Salí de la cárcel, como de cárcel. No es necesario encarecerlo más, pues por lo menos es un vivo retrato del infierno. Salí con deseo de mi libertad y no hice mucho en desearla, que a quien tan injustamente se la quitaron, causa tuvo para temer mayores daños, por serle muy fácil de negociar al contrario cualquier demasía, pues no le fue dificultoso lo principal.

Quizá piensan algunos que Dios duerme; pues aun los que no tuvieron verdadero conocimiento suyo, lo temieron y temen. Preguntándole Isopo a Chilo «¿Qué hace Dios? ¿En qué se ocupa?», le respondió: «En levantar humildes y derribar soberbios.» Yo soy el malo y, pues me dieron pena, debí de tener culpa. Que no es de sospechar de un honrado juez, que profesa sciencia y santidad, se querrá empachar por amistades ni dádivas o miedos.
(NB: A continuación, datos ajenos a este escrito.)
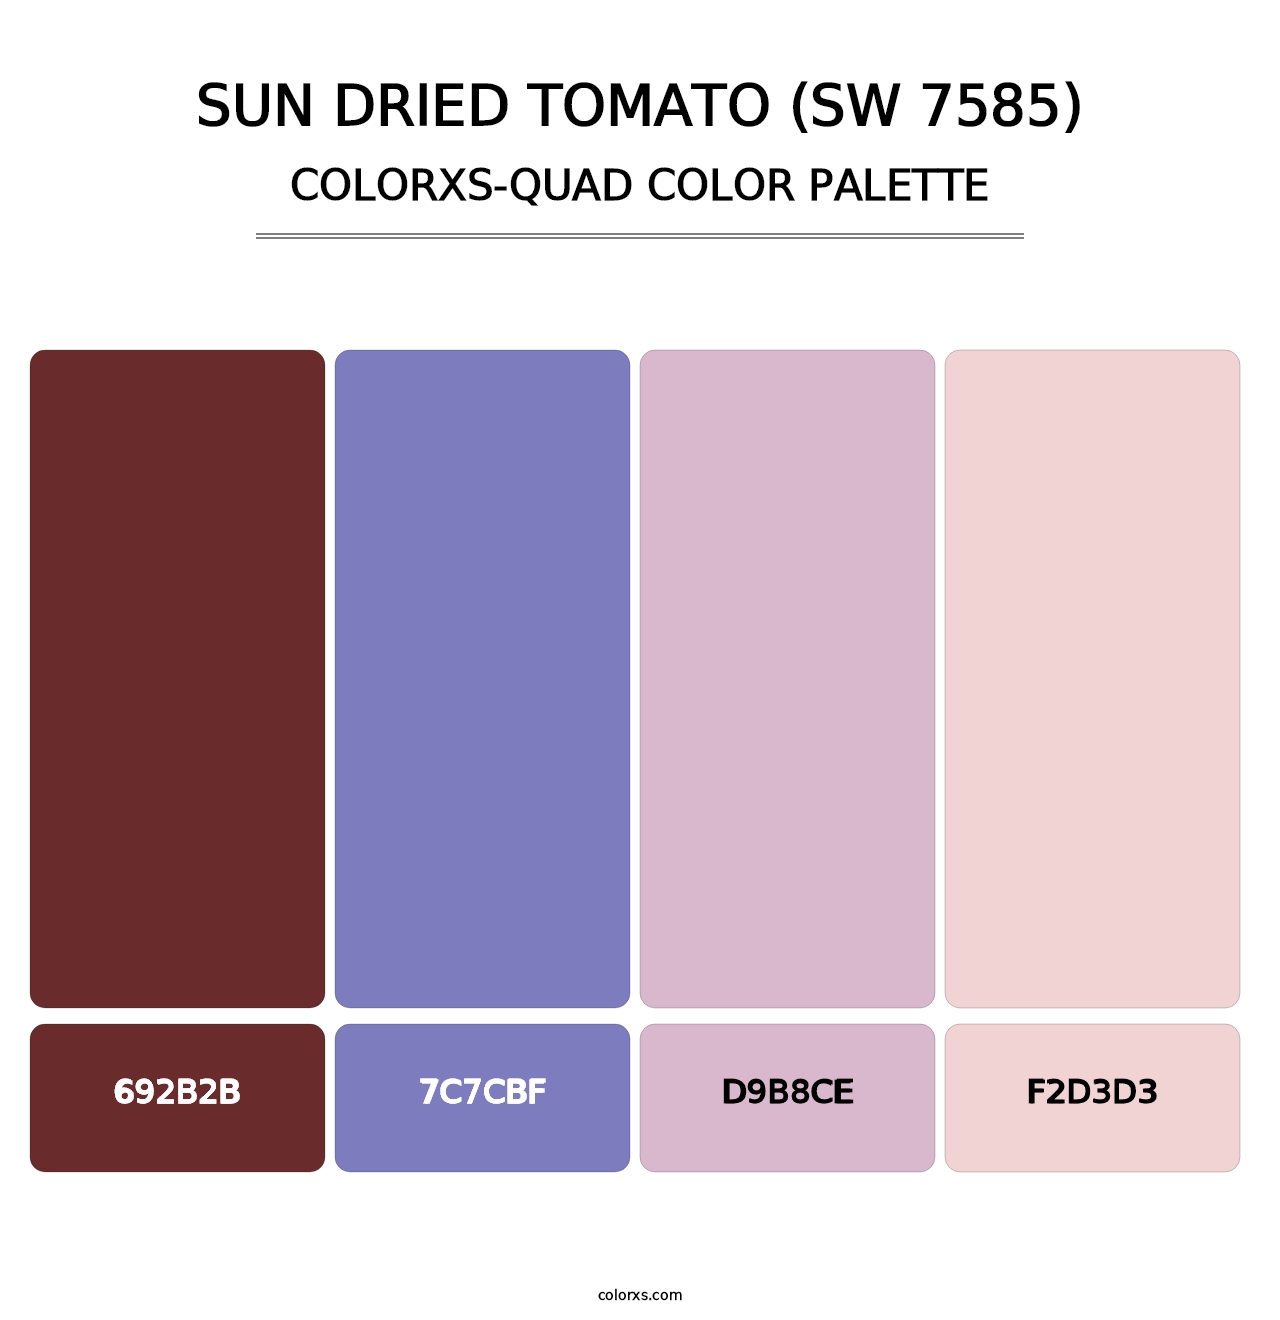 Sun Dried Tomato (SW 7585) - Colorxs Quad Palette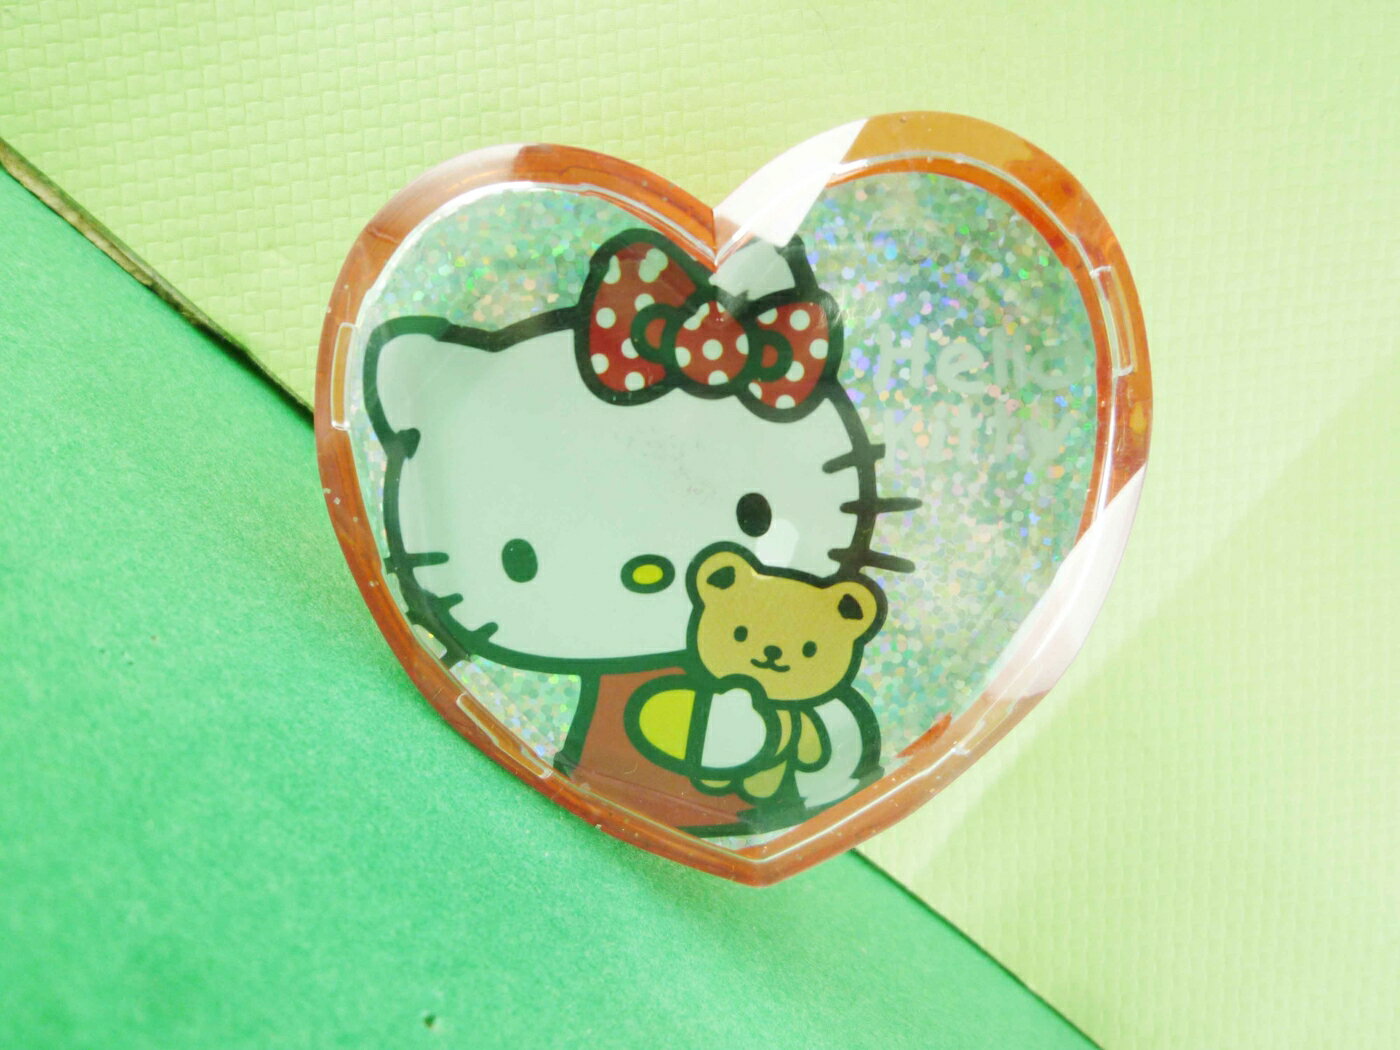 【震撼精品百貨】Hello Kitty 凱蒂貓 膠台-心型紅色 震撼日式精品百貨

Allá se lo hayan, juzgados han de ser; no quiero yo juzgarlos ni más molerlos.

Quedé tan escarmentado, tan escaldado y medroso, que de allí adelante aun del agua fría tuve miedo. Ni por el Torrón o cárcel ni cuatro calles a la redonda quisiera pasar, no tanto por la prisión que tuve, cuanto por haberme visto en ella tan sin razón ofendido. No vía vara de arriero que no se me antojase justicia. Desde allí propuse para siempre dejarme antes vencer que comparecer en tela de juicio. A lo menos escusarlo hasta no poder más, y que sea más fuerza que necesidad.